Letty Chichtonyolotli Martinez of Flying Dogheart Farm. Photo by Emma Banks.

Back in Iowa, Breckbill knew she wanted Humble Hands Harvest to be cooperatively owned for a similar reason to the Raceme Collective: so that she could work in community. For Sweet Potato, a trans farmer working at River Run Farm on the Olympic Peninsula, a co-op model also feels like the right call. 

“I see cooperatives as one of many antidotes to [hierarchies],” they say. “Members of the cooperative have an ownership stake in the land; they have a say in how it’s operated and what is done with the profits or the business. Capitalism is about how the capital is controlled; you’re extracting the value of people’s labor, and in the case of farming, the value that we produce in the fields, and funneling it toward the top. Whereas a cooperative farm is about the farmers deciding how that capital will be distributed and spent.”

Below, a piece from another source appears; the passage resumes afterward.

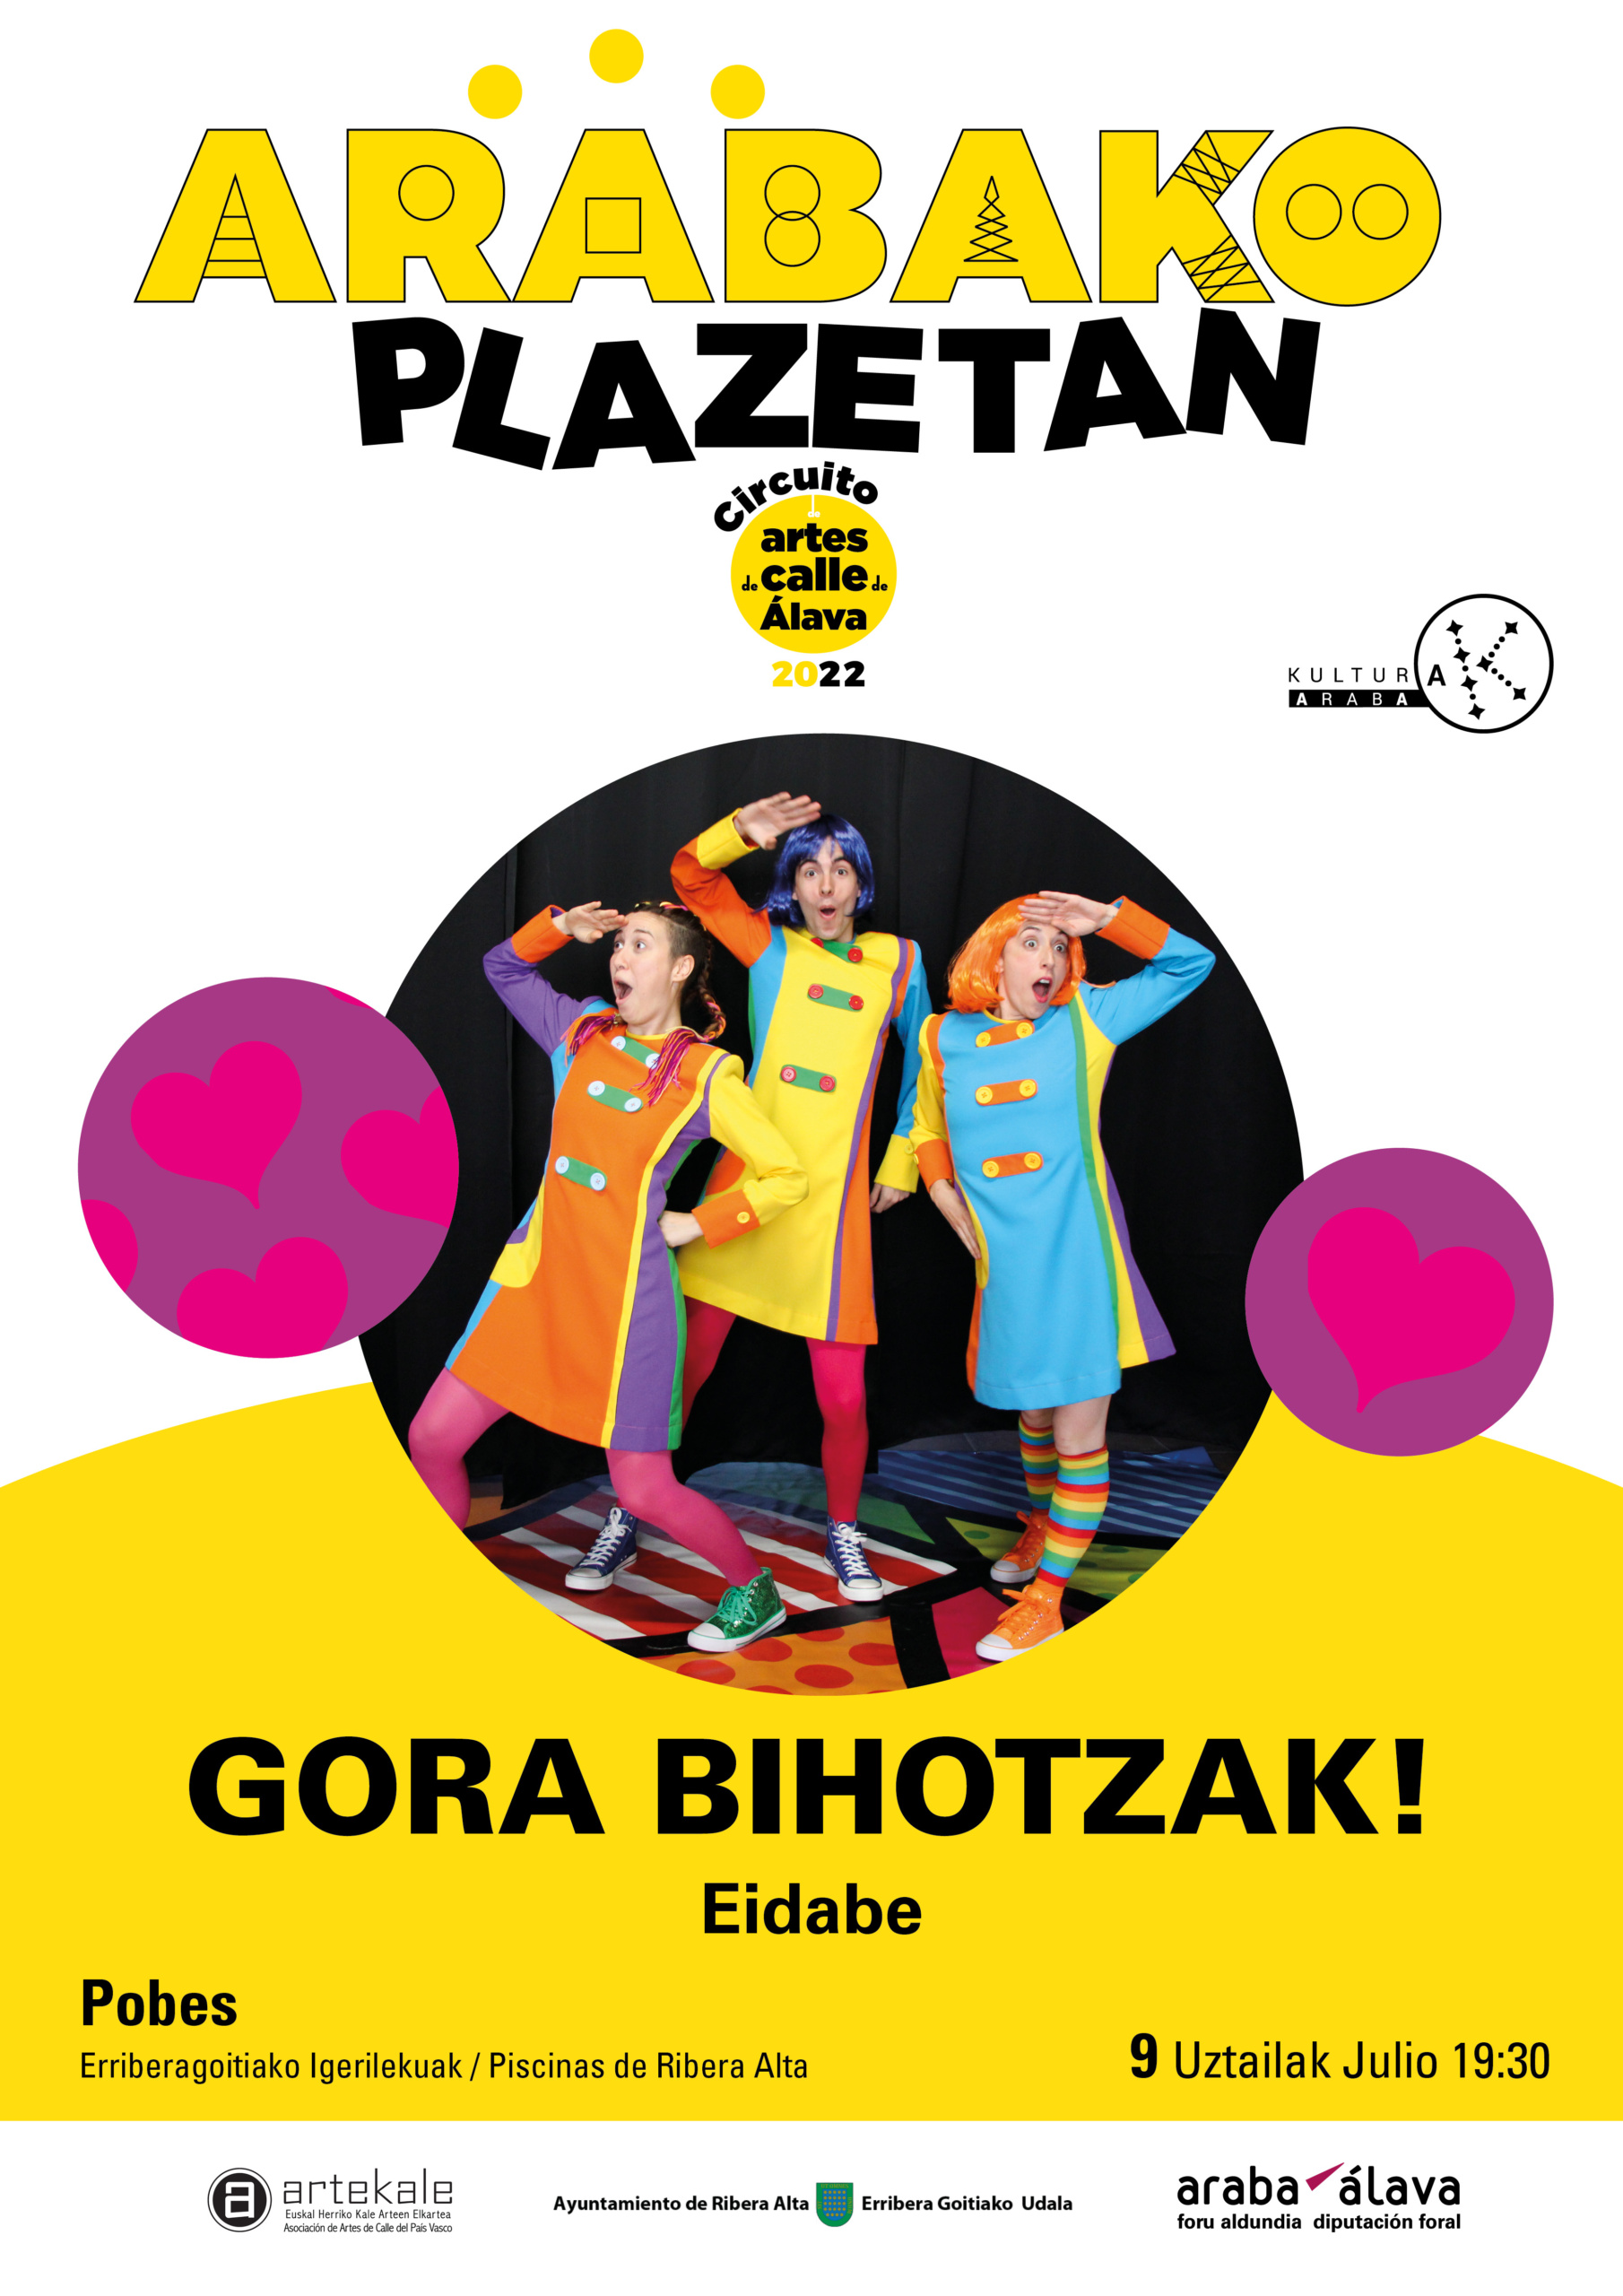 Arabako Plazetan, la compañía EIDABE presentan su obra Gora Bihotzak!  en Pobes. 9 de Julio en la zona de las piscinas.
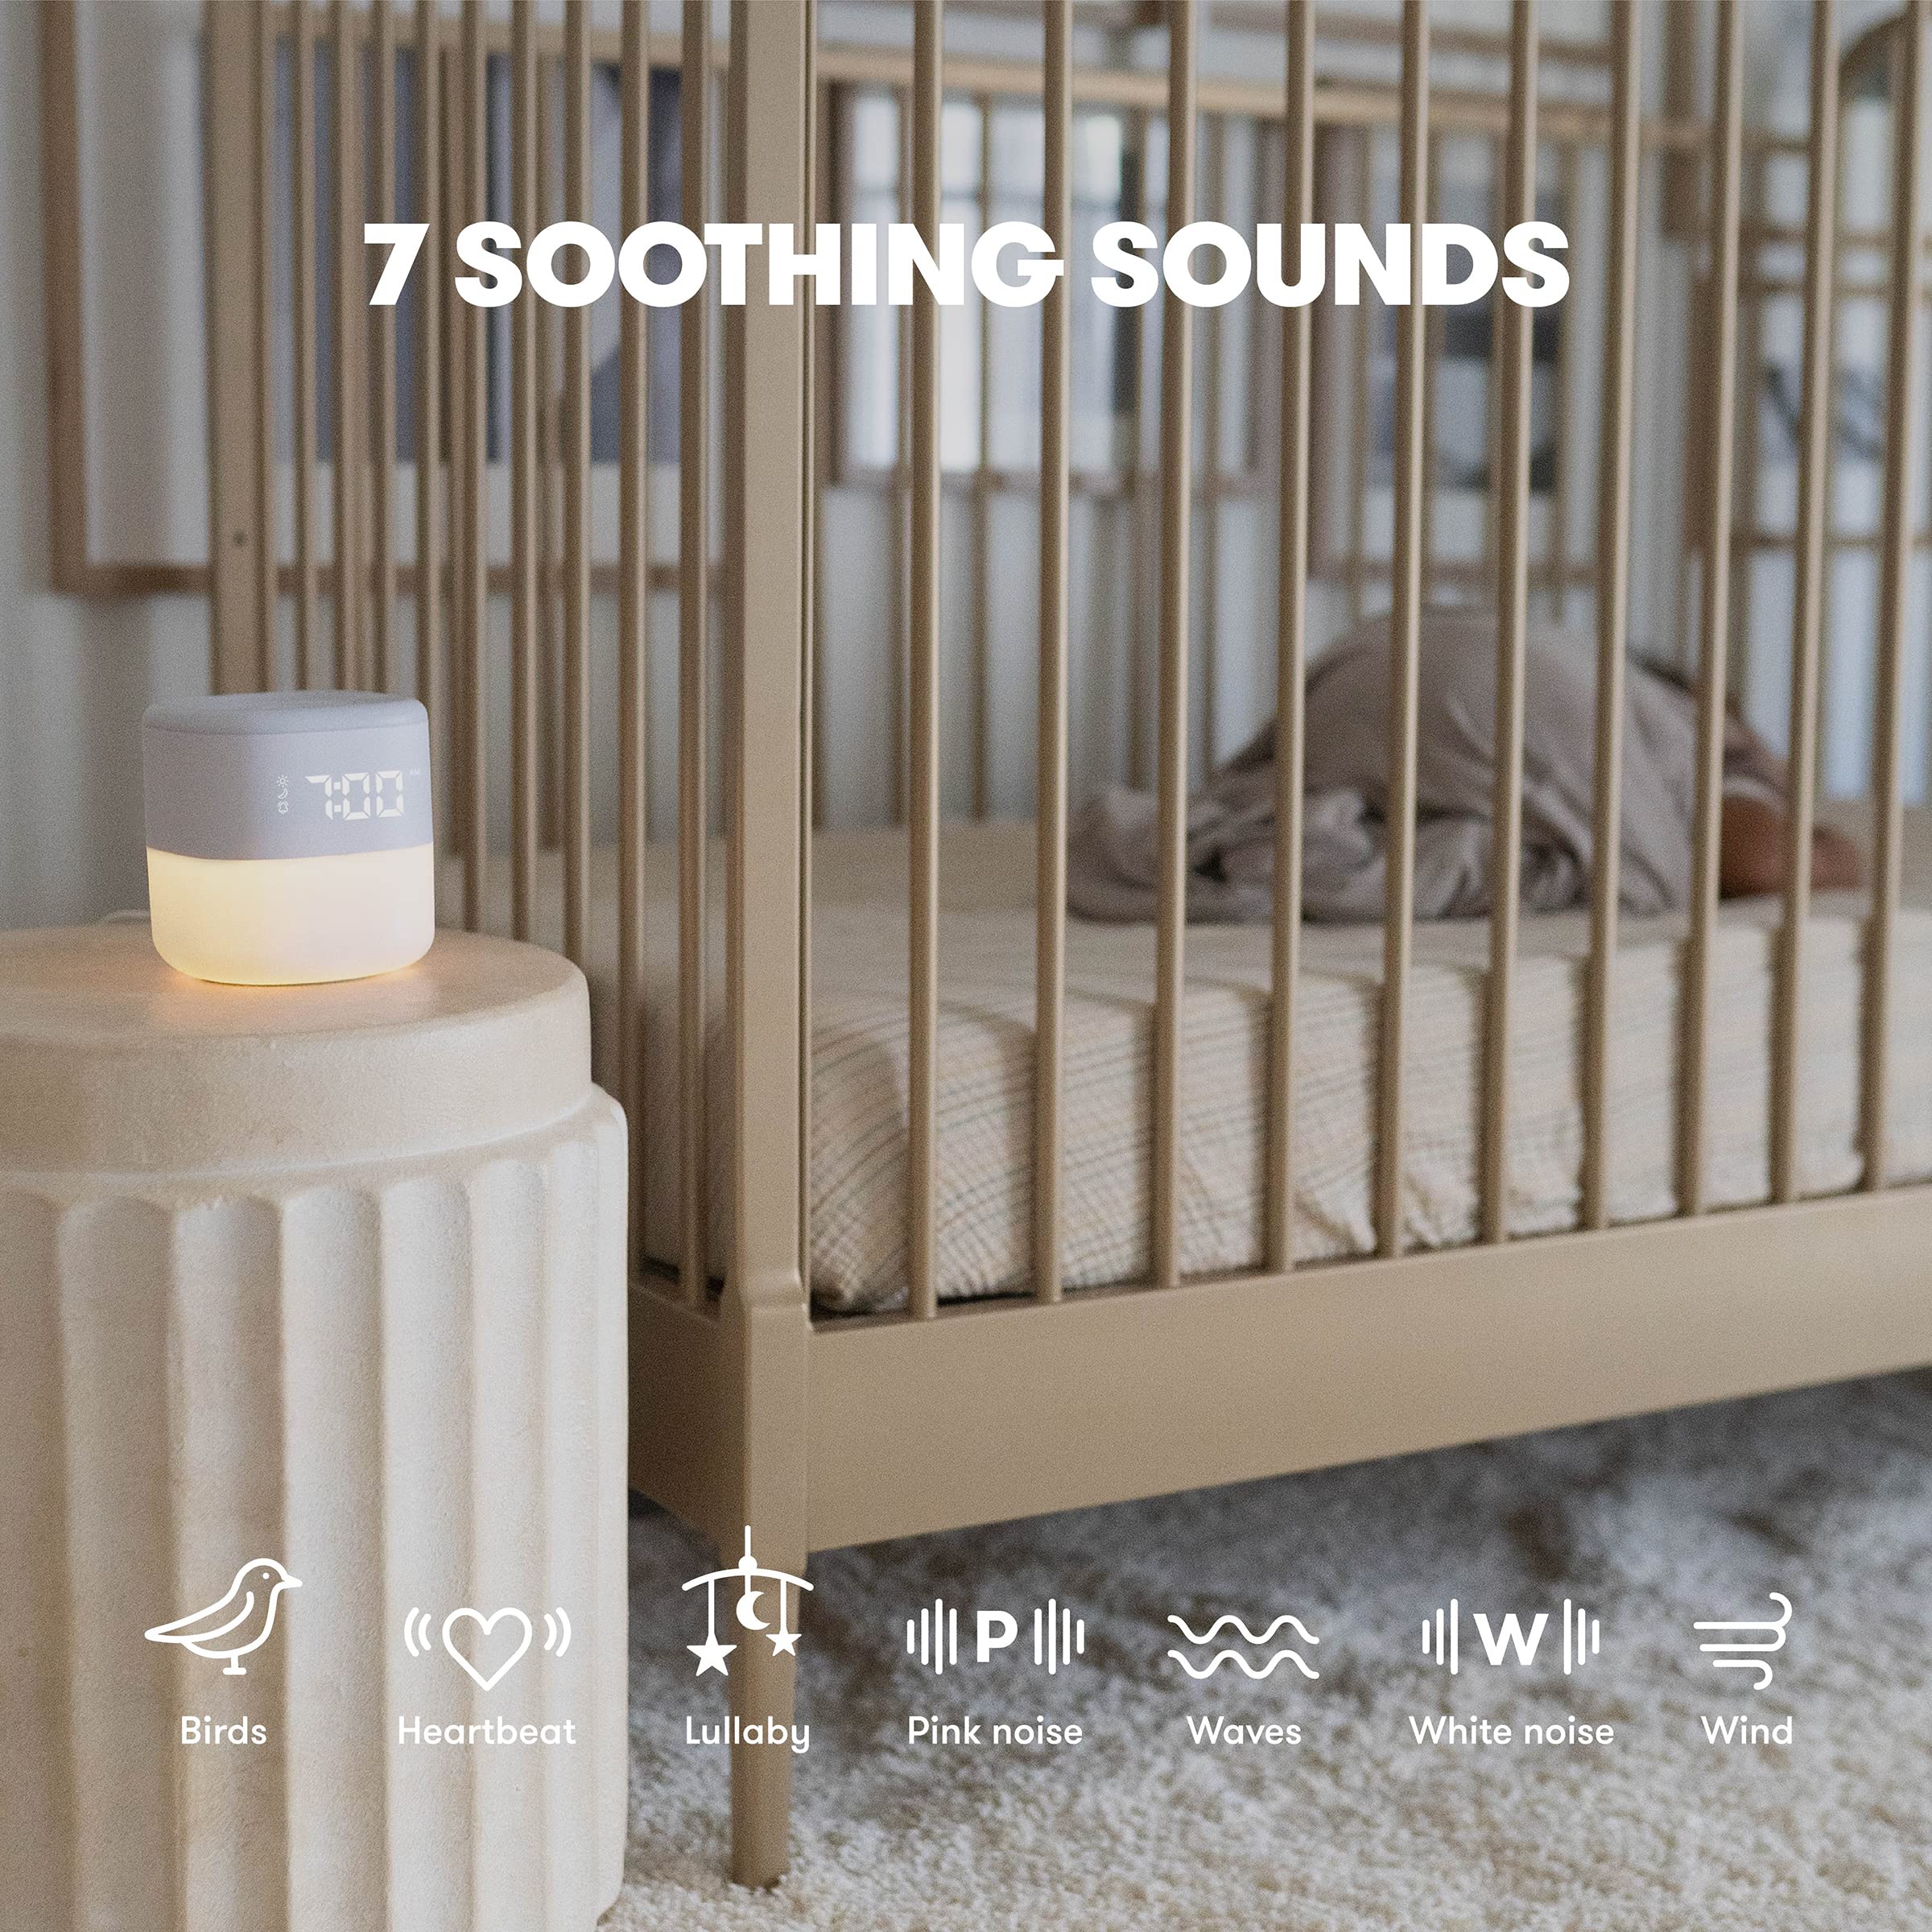 Frida Baby 3-in-1 Sound Machine + When-to-Wake Clock + Nightlight | White Noise Soother, Sleep Trainer, Alarm Clock, Nursery + Toddler + Kids Bedroom (Bluetooth)

Sweet Potato. Photo by Emma Banks.

These ideals—cooperative ownership, respect for the land and community prioritization—all make up what is a queerer vision for American agriculture. In the midst of an ongoing global pandemic and the threat of Big Ag monopolies, perhaps this vision seems difficult to adopt. For queer farmers, however, it’s essential.

“If we acknowledge that the systems are working in the way they were designed, then I don’t want to leave people with no way forward,” Flanary says. “What do you do with that? Is it just hopeless? I think that people have to let in some hard truths about food, first and foremost. Talk to farmers! Food is not cheap. That’s the system at work—it is giving some people abundance, and relegating others to intense scarcity…if you do nothing else with that information, just be curious. How does that truth show up in your own neighborhood? I really believe we’re all going to get free block by block, and that requires you getting to know your neighbors, talking to them, and understanding how that food system operates on your block. That’s huge work.”